Yet another article about existential risks repeating the usual cached thoughts:
People who worry about these things often say that the main threat may come from accidents involving “dumb optimizers” – machines with rather simple goals (producing IKEA furniture, say) that figure out that they can improve their output astronomically by taking control of various resources on which we depend for our survival. Nobody expects an automated furniture factory to do philosophy. Does that make it less dangerous? (Would you bet your grandchildren’s lives on the matter?)
First of all, we are computationally bounded and cannot afford to take into account highly specific, conjunctive, non-evidence-backed speculations on possible bad outcomes. And even if that was feasible, it does not work out in practice.
Anyway, the above quote again exemplifies the dangers of jumping to conclusions. Some sort of black box full of technological magic is conjectured on the basis of which unwarranted assumptions are being inferred which are then subsequently used to draw action relevant conclusions.

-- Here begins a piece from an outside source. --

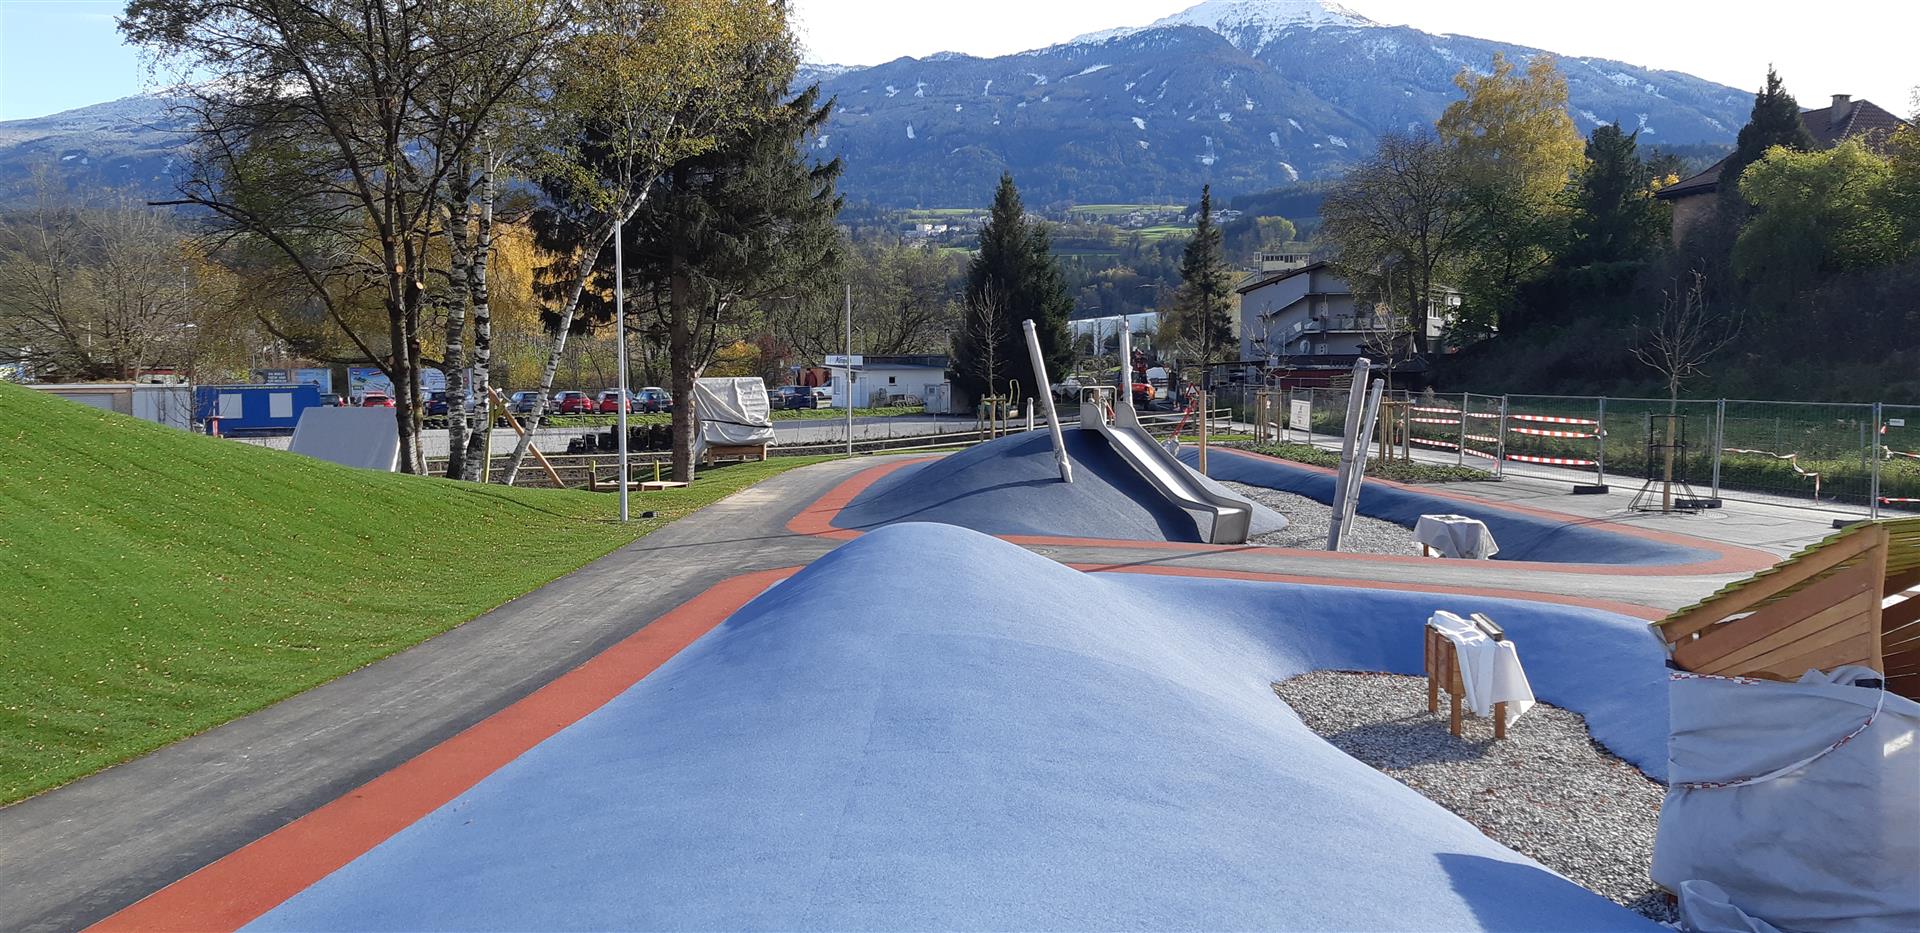 Freizeitpark, Innsbruck - Civiele bouwkunde

To correctly estimate risks associated with artificial intelligence it is important to take into account real world research and development processes and to pinpoint specific failure modes. It is important to narrow down on how specifically an artificial intelligence is supposed to behave in a catastrophic way by taking apart the mode of operation of the magic black box and the assumptions hidden in words such as <artificial general intelligence> and <explosive recursive self-improvement>. It is important to show how specifically it is possible to arrive at such a scenario by avoiding quantum leaps in thinking about complex scenarios and to instead approach those scenarios incrementally to locate the alleged tipping-point where a well-behaved system starts to act in a catastrophic yet highly complex and intelligent way.
How many different scenarios can you come up with where an artificial intelligence causes an extinction type event if you have to do so in an incremental fashion and have to take into account the real-world research and development process leading up to such a system?

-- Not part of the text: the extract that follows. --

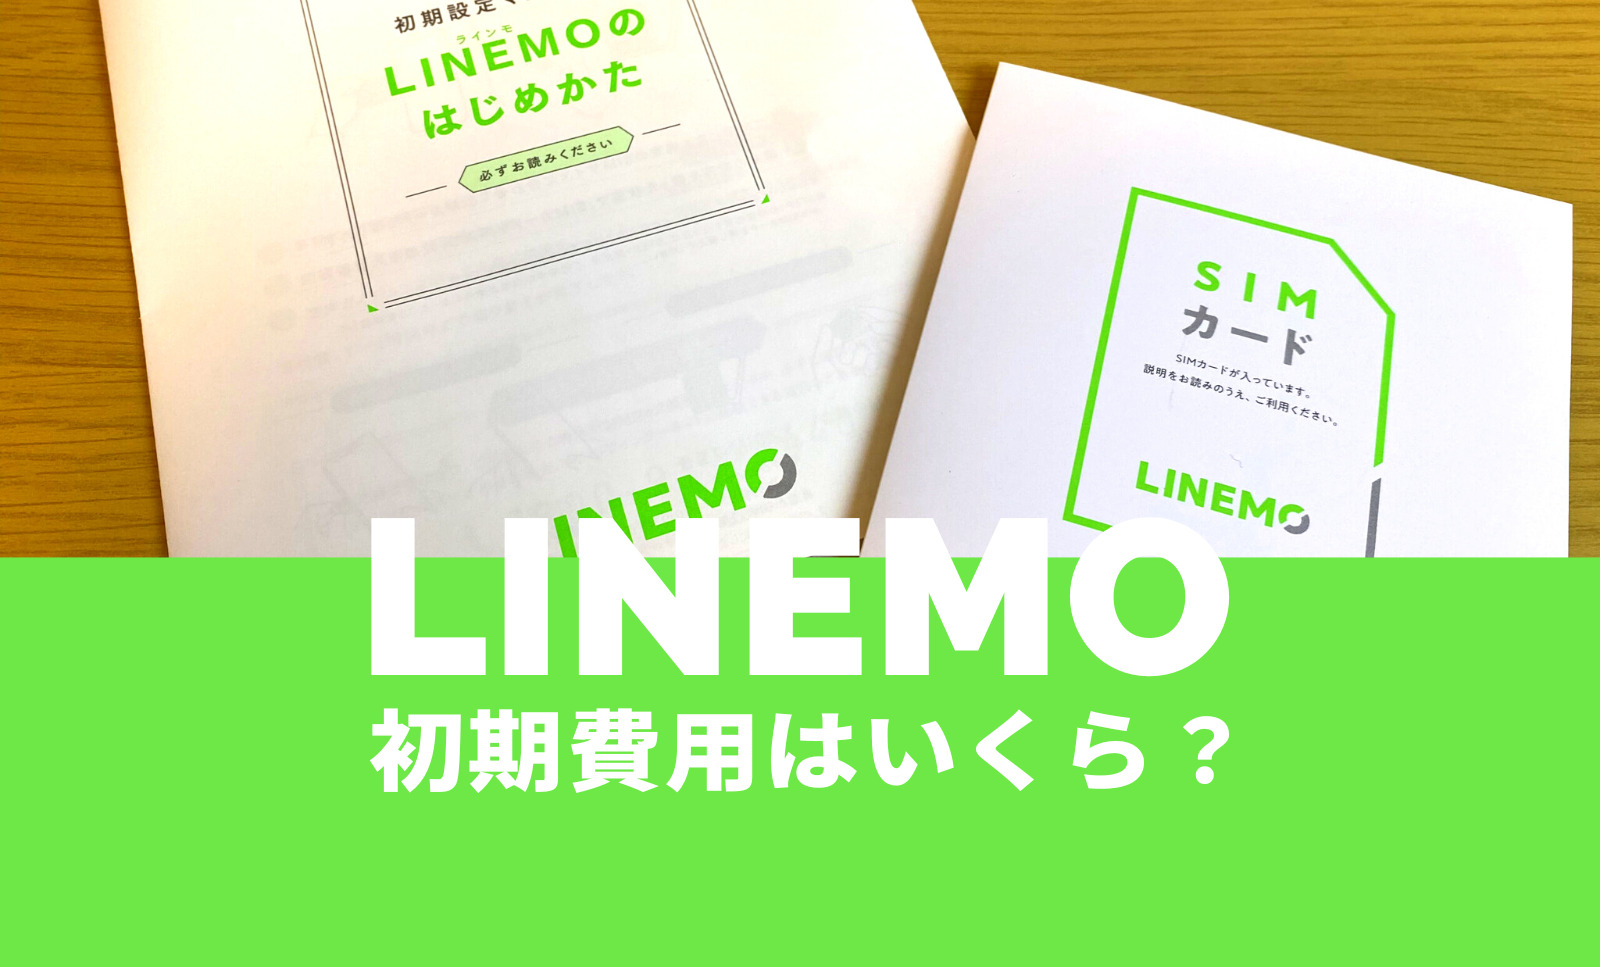 LINEMO(ラインモ)で初期費用はいくらになるか解説のサムネイル画像

Don’t just assume vague ideas such as <explosive recursive self-improvement>, try to approach the idea in a piecewise fashion. Start out with some narrow AI such as IBM Watson or Apple’s Siri, or from scratch if you like, and add various hypothetical self-improvement capabilities, but avoid quantum leaps. Try to locate at what point those systems start acting in an unbounded fashion, possibly influencing the whole world in a catastrophic way. And if you manage to locate such a tipping-point then take it apart even further. Start over and take even smaller steps, be more specific. How exactly did your well-behaved expert system end up being an existential risk?

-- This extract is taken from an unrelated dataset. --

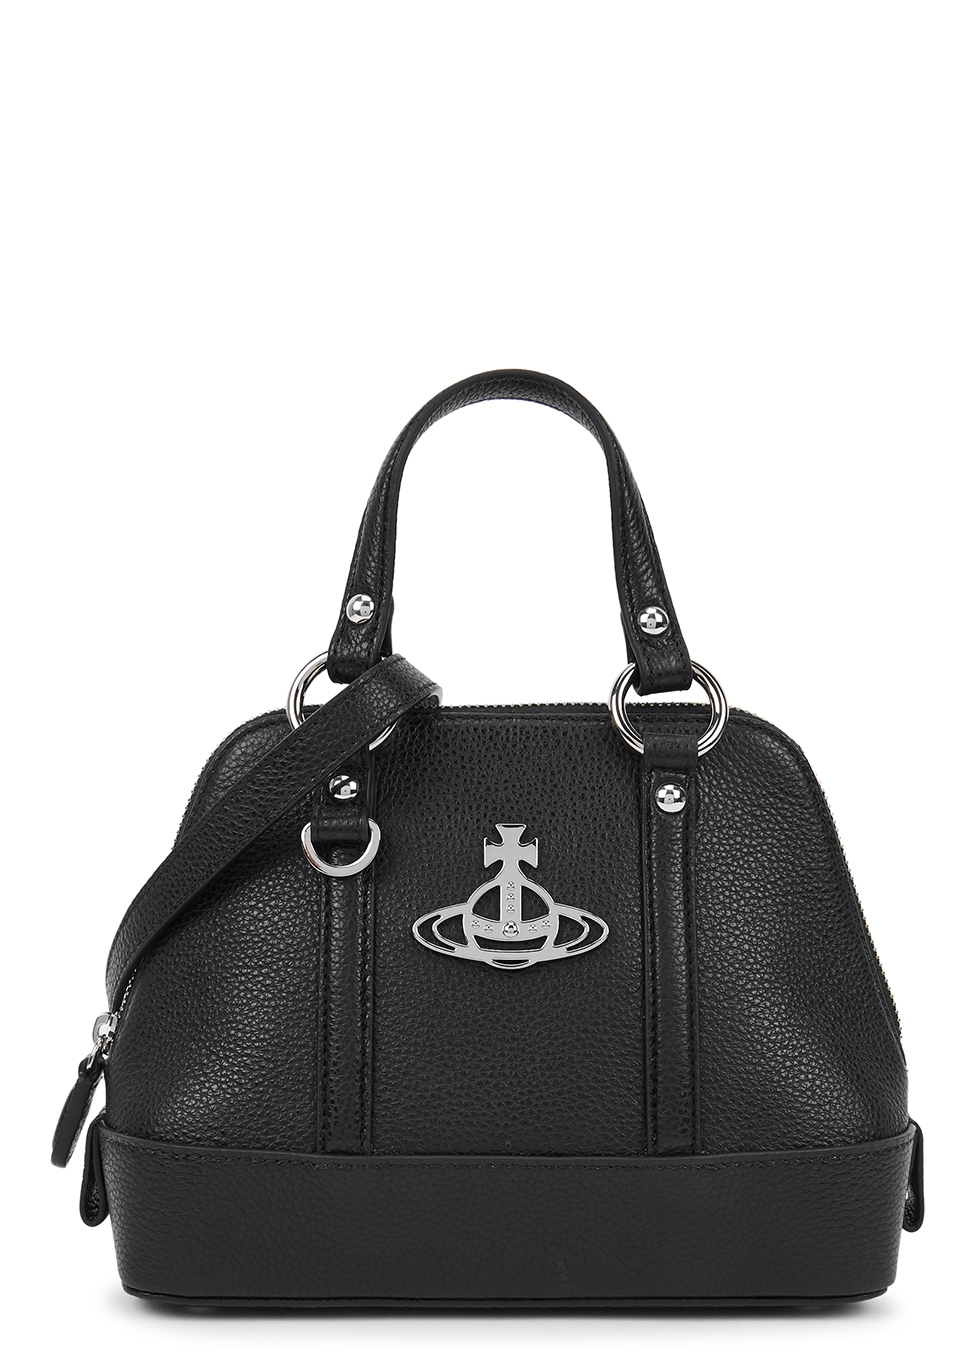 Vivienne Westwood Jordan black leather top handle bag - Harvey Nichols

The purpose is to break free from recalling old conclusions made by people such as Eliezer Yudkowsky and to start thinking for yourself in a concrete and specific fashion rather than participating in furious handwaving.
At one point software is going to write new, unique and better software all by itself. But that will not happen overnight. There will be a complex developmental and evolutionary process leading up to that outcome. Only if you conjecture the outcome independently of its origin can you imagine a software that makes better software irrespective of human intention.